To simplify and accelerate the process of updating our polygonal data when the bone is modified, we build a new surface mesh – in which vertices correspond directly to bone voxels – rather than using the original isosurface mesh for graphic rendering. This mesh is generated by exhaustively triangulating the voxels on the surface of the bone region, i.e.:

for each voxel v1

if v1 is on the bone surface

  for each of v1′s neighbors v2

  if v2 is on the bone surface

   for each of v2′s neighbors v3

   if v3 is on the bone surface

    generate vertices for v1, v2, v3

    generate a triangle t(v1, v2, v3)

    orient t away from the bone

    surface

A voxel that is “on the bone surface” has a non-zero bone density and has at least one neighbor that has zero bone density. That is, a voxel that is “on the bone surface” is bone adjacent to non-bone.

Although this triangulation generates a large mesh (on the order of 200,000 triangles for a typical full-head CT data set), several optimizations allow us to minimize the number of triangles that are generated and/or rendered. To avoid duplicate triangle generation, each voxel is associated with a unique index before tessellation, and triangles are rejected if their vertices do not appear in sorted order. To eliminate subsurface triangles that will not be visible from outside the mesh, we use the observations presented in reference 24 to identify and remove probable subsurface faces.

The voxel array itself is stored as a hash table, indexed by 3D grid coordinates. This minimizes the memory occupied by our volume data, and allows constant-time occupancy queries (the fundamental operation required for haptic rendering; see Haptic rendering section below).

Additional data structures map each voxel to its corresponding vertex index, and each vertex index to the set of triangles that contain it. This allows rapid access to graphic rendering elements (vertices and triangles) given a modified bone voxel, which is critical for shading vertices based on voxel density and for re-triangulation when voxels are removed (see Bone removal section below). summarizes the relevant data structures.

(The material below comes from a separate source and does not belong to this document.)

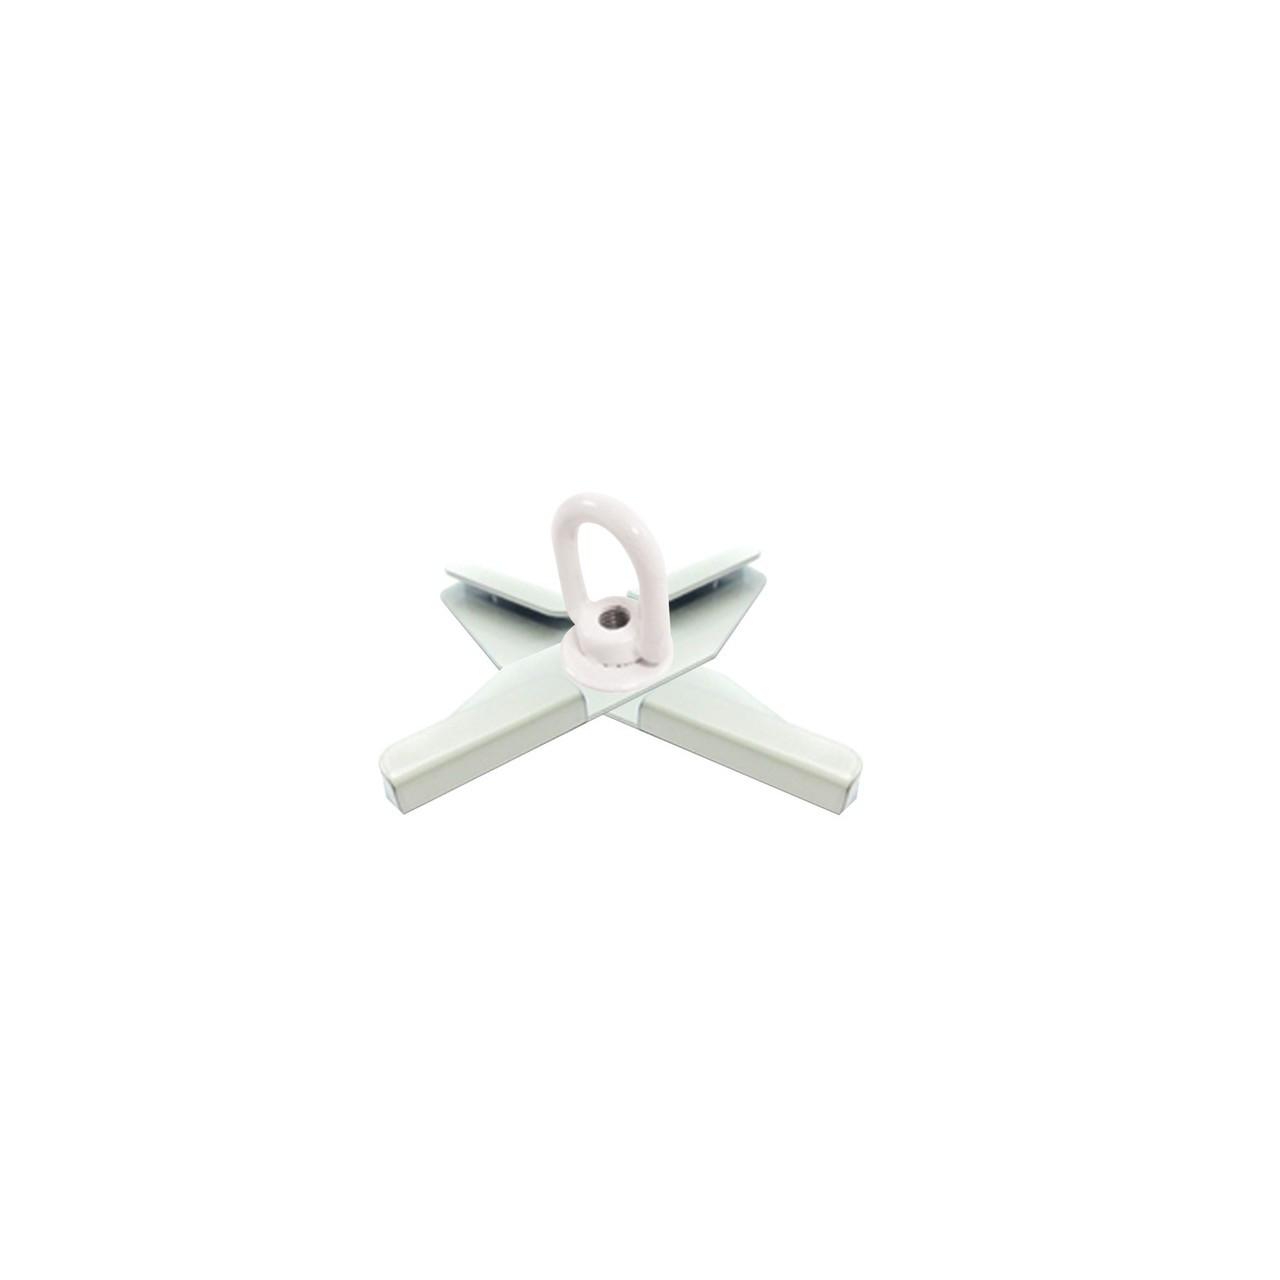 chauvet scissorclips scissor clips

Figure 12. A summary of the structures connecting our volumetric (haptic rendering) and surface (graphic rendering) data. When a voxel is removed or modified, the corresponding vertices and triangles can be accessed from the (i, j, k) voxel index in approximately constant time.

Figure 12. A summary of the structures connecting our volumetric (haptic rendering) and surface (graphic rendering) data. When a voxel is removed or modified, the corresponding vertices and triangles can be accessed from the (i, j, k) voxel index in approximately constant time.

Haptic rendering

Virtual instruments are controlled using a SensAble Phantom Citation[25] haptic device, which provides three-degree-of-freedom force-feedback and six-degree-of-freedom input.

Each of the bone modification tool models is discretized into a voxel grid (typically at a finer resolution than the bone grid), and a preprocessing step computes an occupancy map for the tool's voxel array. At each iteration of our haptic rendering loop, each of the volume samples in each active tool is checked for intersection with the bone volume. This operation can be performed rapidly (in constant time) using the hash table described above. Each sample point that is found to lie inside an occupied bone voxel generates a unit-length contribution to the overall haptic force vector that tends to push this sample point toward the tool center. With adequate stiffness, the tool center is always outside the bone volume (see ). For tools with an ill-defined center, the force vector generated by an immersed voxel is directed along the inward-pointing surface normal at the nearest surface point.

Figure 13. Our approach to haptic feedback. Red points are volume samples within the tool, blue points are volume samples within the bone. The full volume of the drill is sampled, and each point that is found to be immersed in the bone volume (shown in purple) contributes a vector to the overall force that points toward the center of the tool and is of unit length. [Color version available online.]

Figure 13. Our approach to haptic feedback. Red points are volume samples within the tool, blue points are volume samples within the bone. The full volume of the drill is sampled, and each point that is found to be immersed in the bone volume (shown in purple) contributes a vector to the overall force that points toward the center of the tool and is of unit length. [Color version available online.]

The overall force vector generated by our approach is thus oriented along a vector that is the sum of the “contributions” from individual volume sample points. The magnitude of this force is computed based on the number of sample points found to be immersed in the bone volume, which approximates the tool's penetration depth.

Bone removal

Each bone voxel is associated with a density value, initially derived from the original image data. Each time a tool sample is found to be in contact with a bone voxel, the density of that bone voxel is decreased. When a voxel reaches zero density, it is removed from the voxel array.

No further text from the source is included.